Today sessioneer Fred was stranded in Chicago because his flight was cancelled due to the weather. So he wasn’t making it home to Minneapolis and had to postpone the sesh. Because of this, I went into town with Olivia where she was getting one of her eight ears pierced (helix). I’ve come to the conclusion that you need two ears per language and so she must have eight. After piercing we went to a secondhand shop we saw and I bought some secondhand albums, cheap, cool, Richie Havens, Isaac Hayes, and more. Olivia stayed a little longer than me in the shop next door, also a curios shop, and I went to the café to order in advance but forgot what Olivia wanted, so I sat and waited for her. Soon we had our drinks and were talking to two seventeen-year-old Portuguese girls both called Mariana about if there are two words for floor/ground and two words for an inside and an outside wall in Portuguese?
This is the thing with languages, we differentiate and consider the importance of differentiating things differently. Ha, quite a mouthful, but other languages are just that and you’ll be happy to know (or maybe not) that I won’t tell you the difference between Swedish, German, Portuguese, French, Spanish and English in their vocabulary. The importance of differentiating between an outside wall and an inside wall or the ground versus the floor is more important in one language than another. Phew! That’s why knowing languages is fascinating and allows details to be described differently because of how the ground or floors and walls are perceived. Haha, have I lost you yet?
The girls in the café were super cool and we talked to them for a while about music and the creative spirit and its sometimes disciplinary bedfellow. Whilst there, Olivia’s dad Gerd called me because I called him about a brand of lava lamp bulb, Narva, made in Germany. Yes, still talking about the damn lava lamp bulbs. He’s coming to visit soon by car so he can possibly bring ten thousand bulbs.
We left and went to the guitar stand shop and bought the last two guitar stands. My bass and my Strat keep on sliding down the shelf they are leaning against, not anymore. The man in the guitar shop, Arlindo, is a classic Portuguese friendly man in his seventies and we were asking him all kinds of questions about electric blue violin cases and metronomes and guitar pedals and he was happy to accommodate, but not in English.
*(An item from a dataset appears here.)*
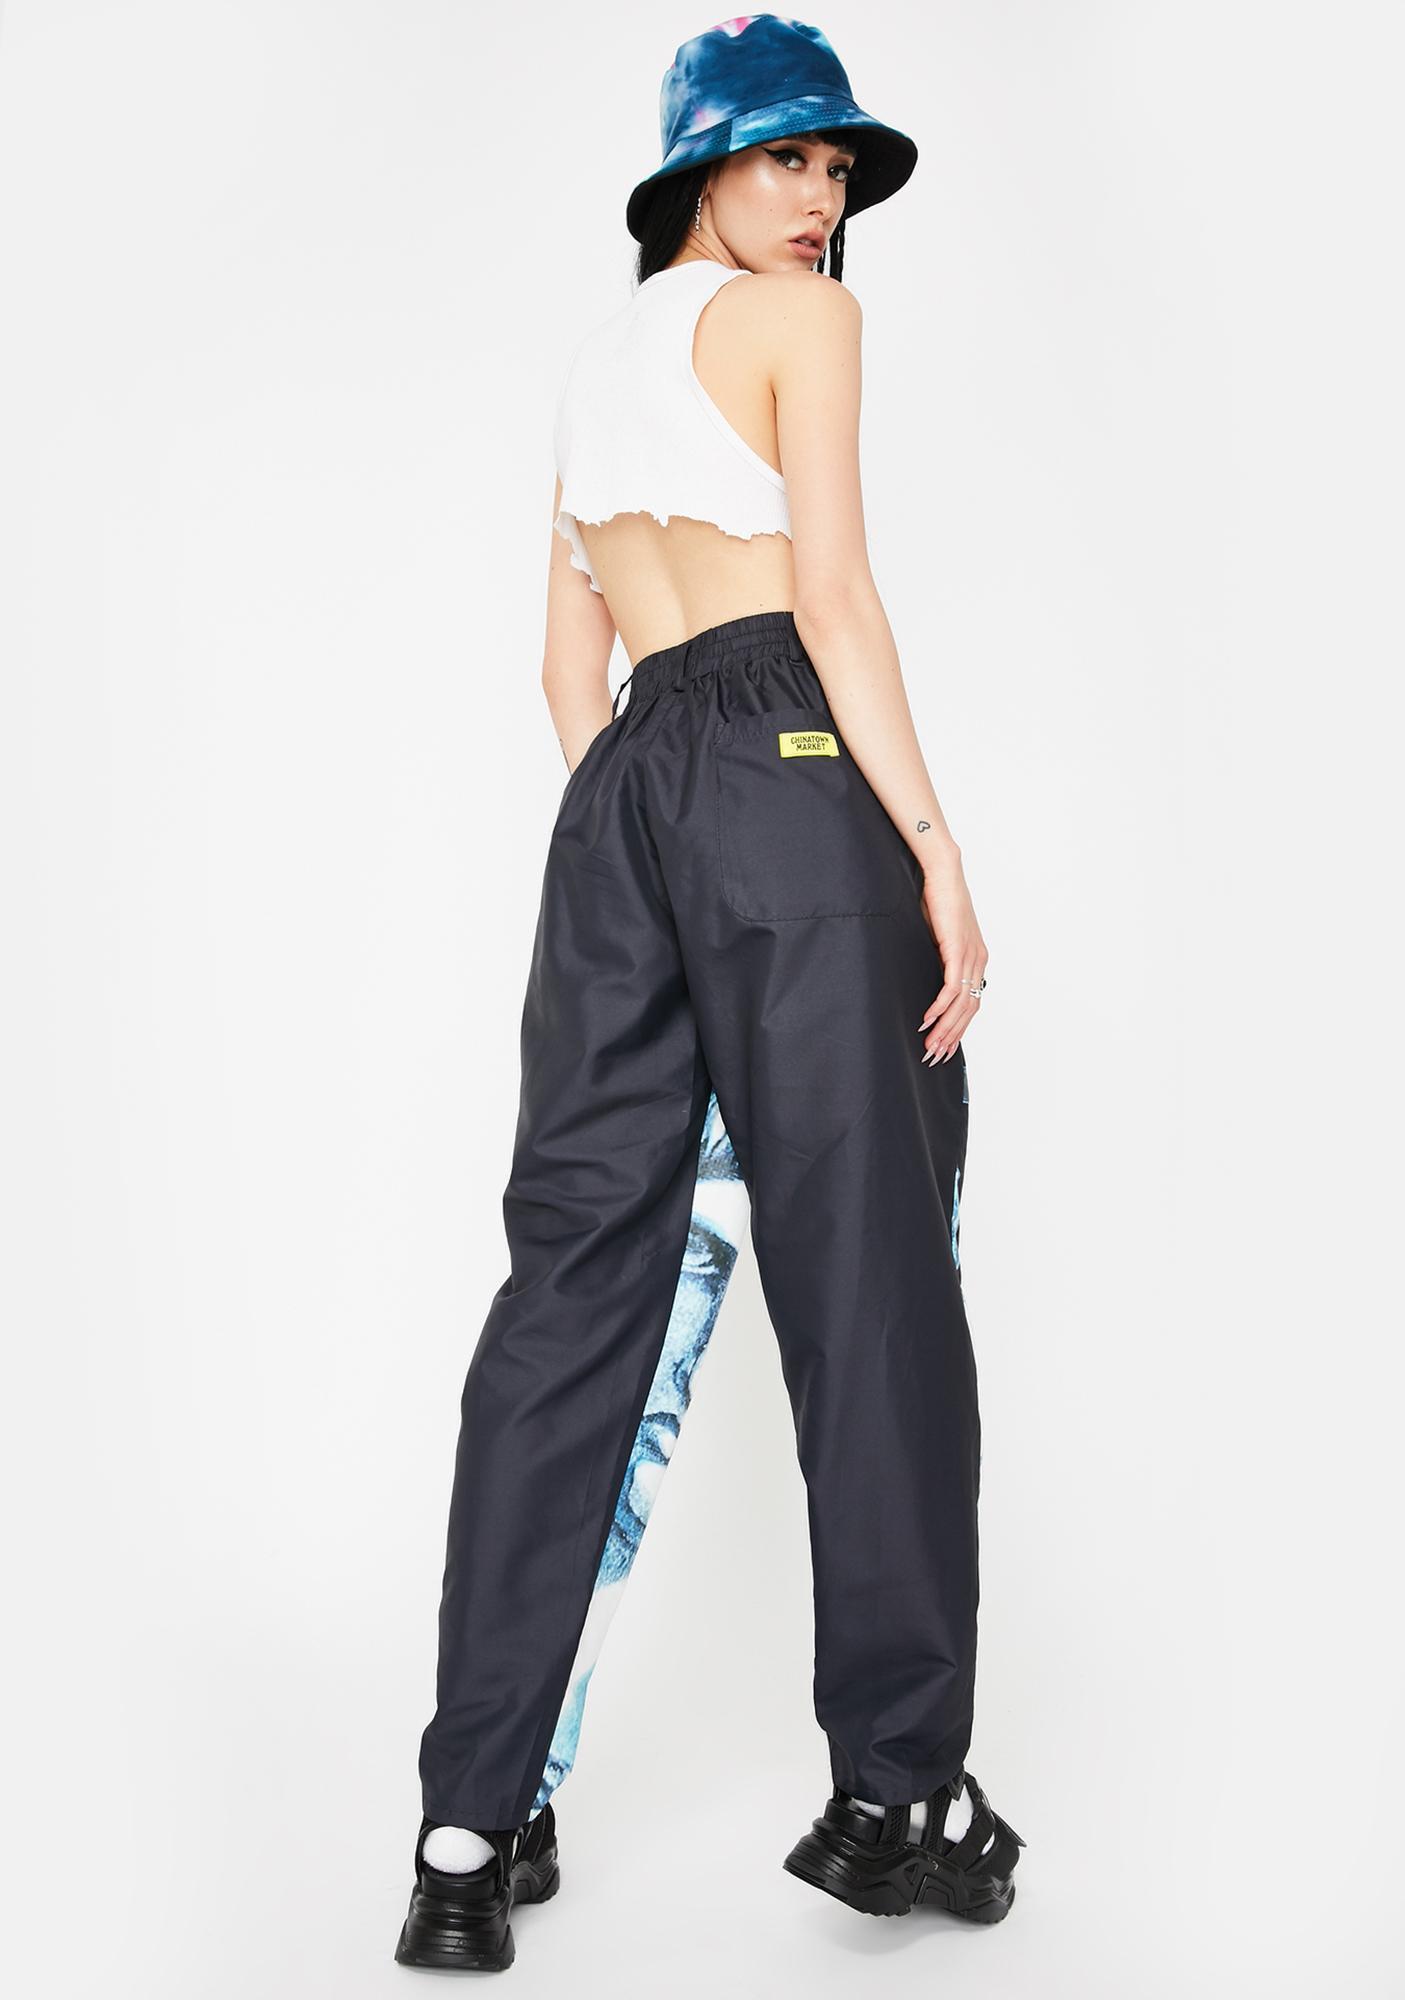 CHINATOWN MARKET NYC Lounge Pants

We dropped in at Tubitek, the record store to ask about the new Warpaint album (May) – all the new albums I want aren’t out yet. Around the corner is the camera shop and my camera needs a service, a clean and I figured that after ten years it was time. The lady in there was helpful and with a catchy name, Rita Rente, and she took my camera into the camera health spa for a massage and some TLC. Olivia asked me if I wanted to walk home or get the train, I said I wanted to walk because I’ve been in so much I was just enjoying being out, breathing the cool air despite my legs screaming from below, no, no, get the train, get the train! We went via a city bakery and bought something with custard in it, haha and also some very heavy bread from another very cool lady. It was ‘Day Of The Very Cool Ladies’.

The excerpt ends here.